DÉCISION DE LA COUR DE CASSATION, CHAMBRE SOCIALE, DU 25 MARS 2020

La société Cuir plus, société à responsabilité limitée, dont le siège est [...] , a formé le pourvoi n° U 19-10.236 contre l'arrêt rendu le 7 novembre 2018 par la cour d'appel de Paris (pôle 6, chambre 6), dans le litige l'opposant à Mme L... U..., domiciliée [...] , défenderesse à la cassation.

Le dossier a été communiqué au procureur général.

Sur le rapport de Mme Ott, conseiller, les observations écrites de la SCP Waquet, Farge et Hazan, avocat de la société Cuir plus, de la SCP Boré, Salve de Bruneton et Mégret, avocat de Mme U..., après débats en l'audience publique du 26 février 2020 où étaient présents M. Huglo, conseiller doyen faisant fonction de président, Mme Ott, conseiller rapporteur, Mme Sommé, conseiller, Mme Laulom, avocat général, et Mme Piquot, greffier de chambre,

la chambre sociale de la Cour de cassation, composée des président et conseillers précités, après en avoir délibéré conformément à la loi, a rendu la présente décision.
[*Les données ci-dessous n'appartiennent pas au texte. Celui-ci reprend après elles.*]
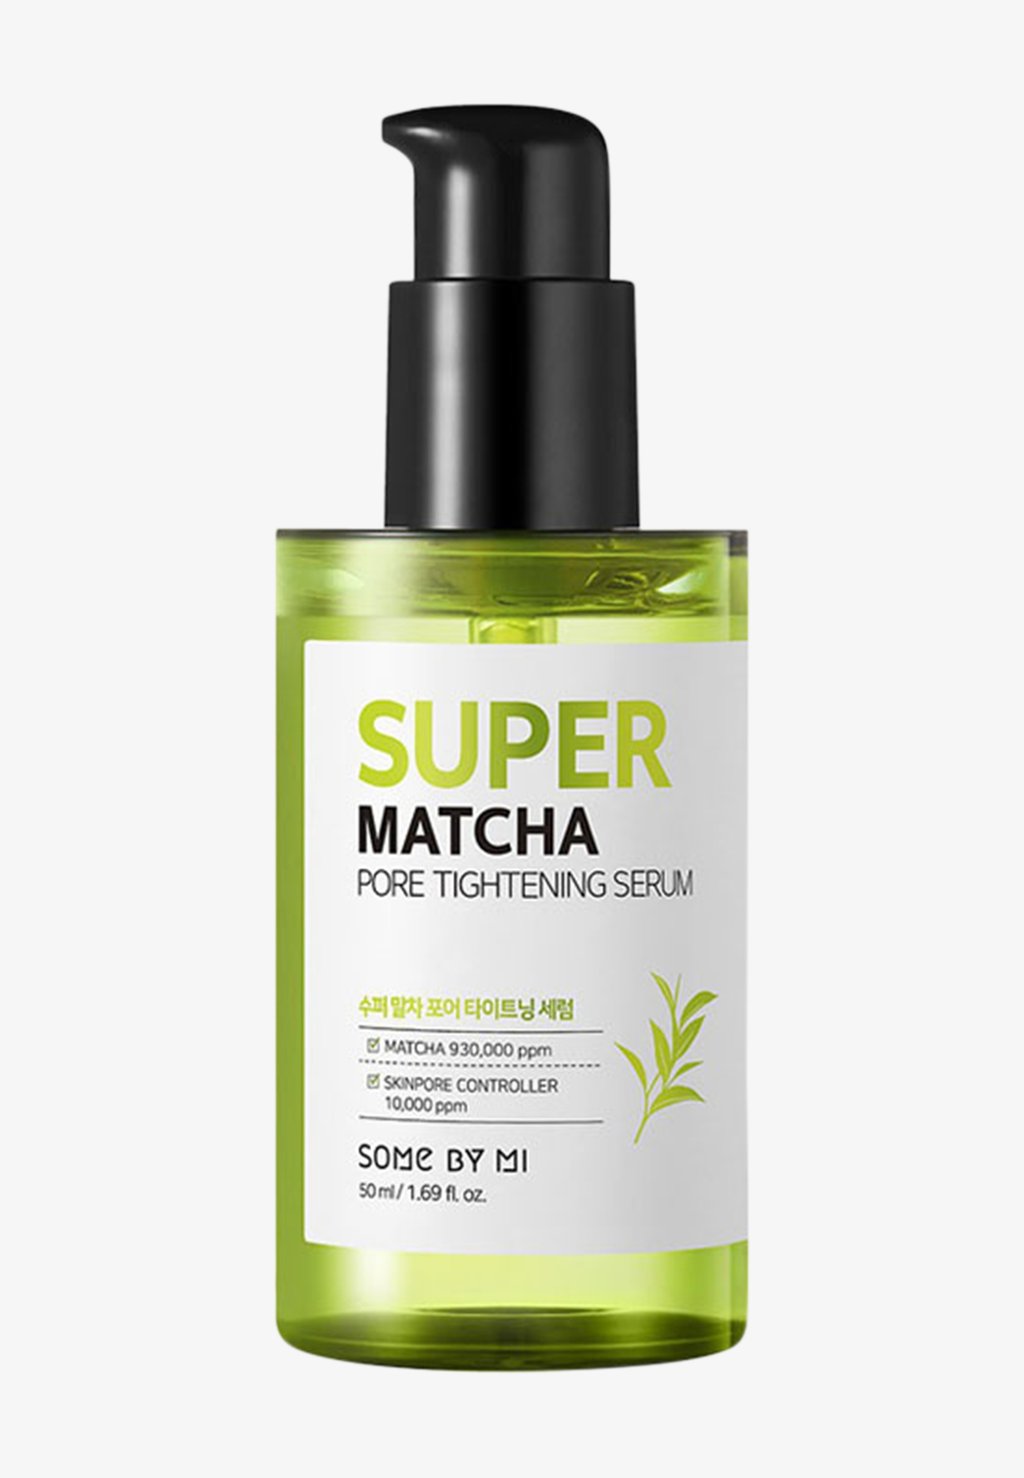 Сыворотка Super Matcha Pore Tightening Serum SOME BY MI сыворотка some by mi matcha pore tightening serum 50 мл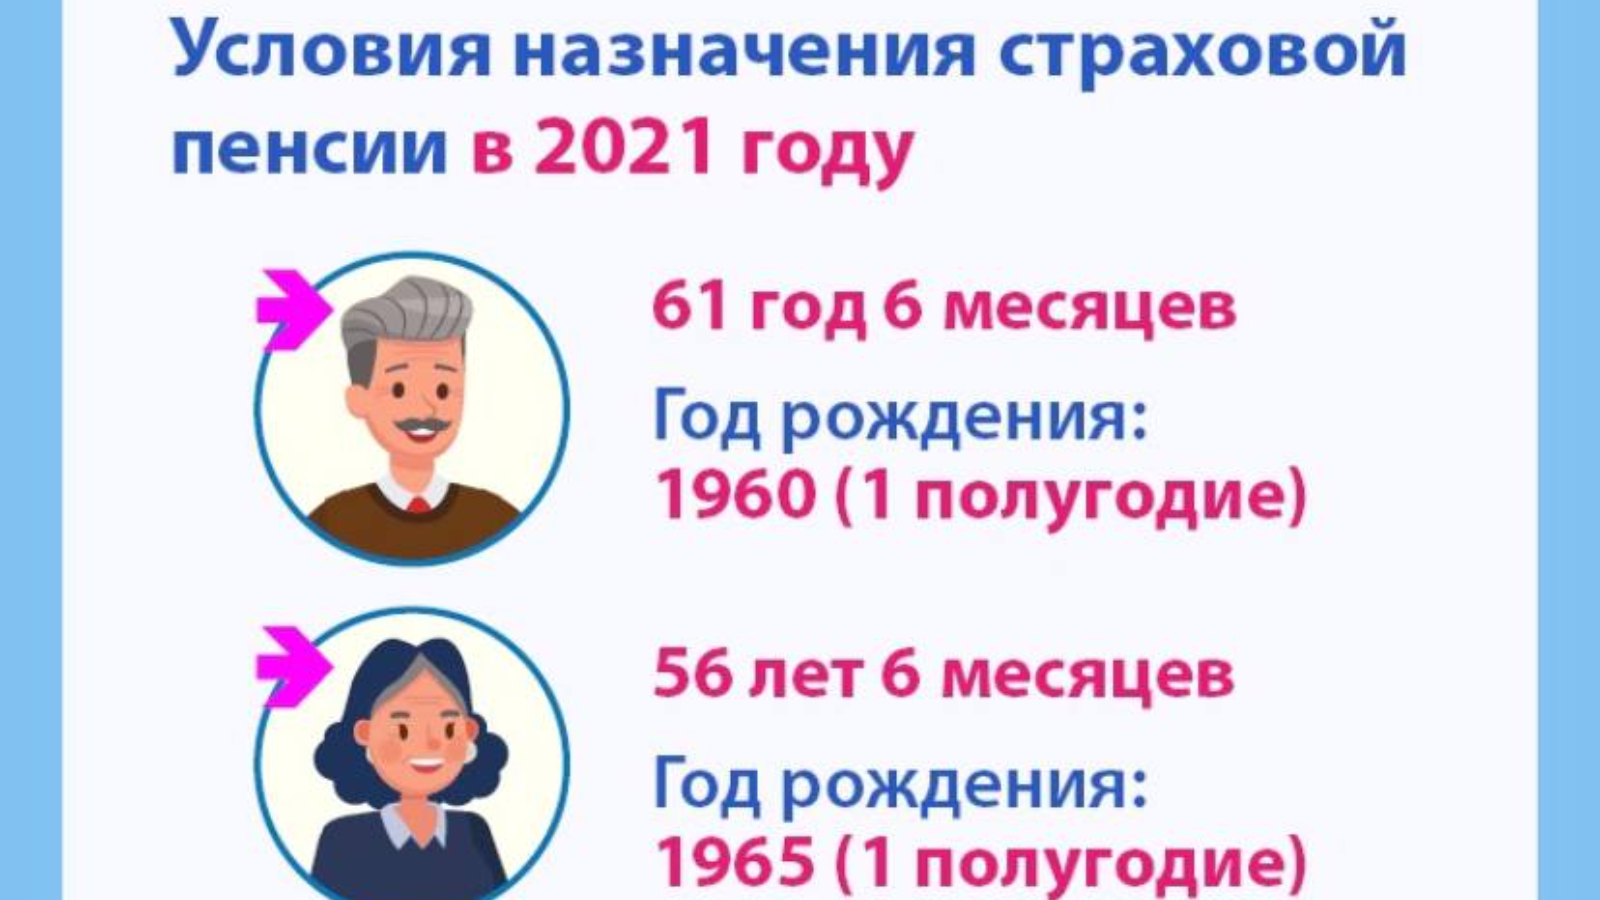 Повышение пенсии 2021 года. Численность ПФР 2021. Пенсионный фонд Шаховская.

1. Le moyen de cassation annexé, qui est invoqué à l'encontre de la décision attaquée, n'est manifestement pas de nature à entraîner la cassation.

2. En application de l'article 1014, alinéa 1er, du code de procédure civile, il n'y a donc pas lieu de statuer par une décision spécialement motivée sur ce pourvoi.

EN CONSÉQUENCE, la Cour :

REJETTE le pourvoi ;

Condamne la société Cuir plus aux dépens ;

En application de l'article 700 du code de procédure civile, rejette la demande formée par la société Cuir plus et la condamne à payer à Mme U... la somme de 3 000 euros ;

Ainsi décidé par la Cour de cassation, chambre sociale, et prononcé par le président en son audience publique du vingt-cinq mars deux mille vingt.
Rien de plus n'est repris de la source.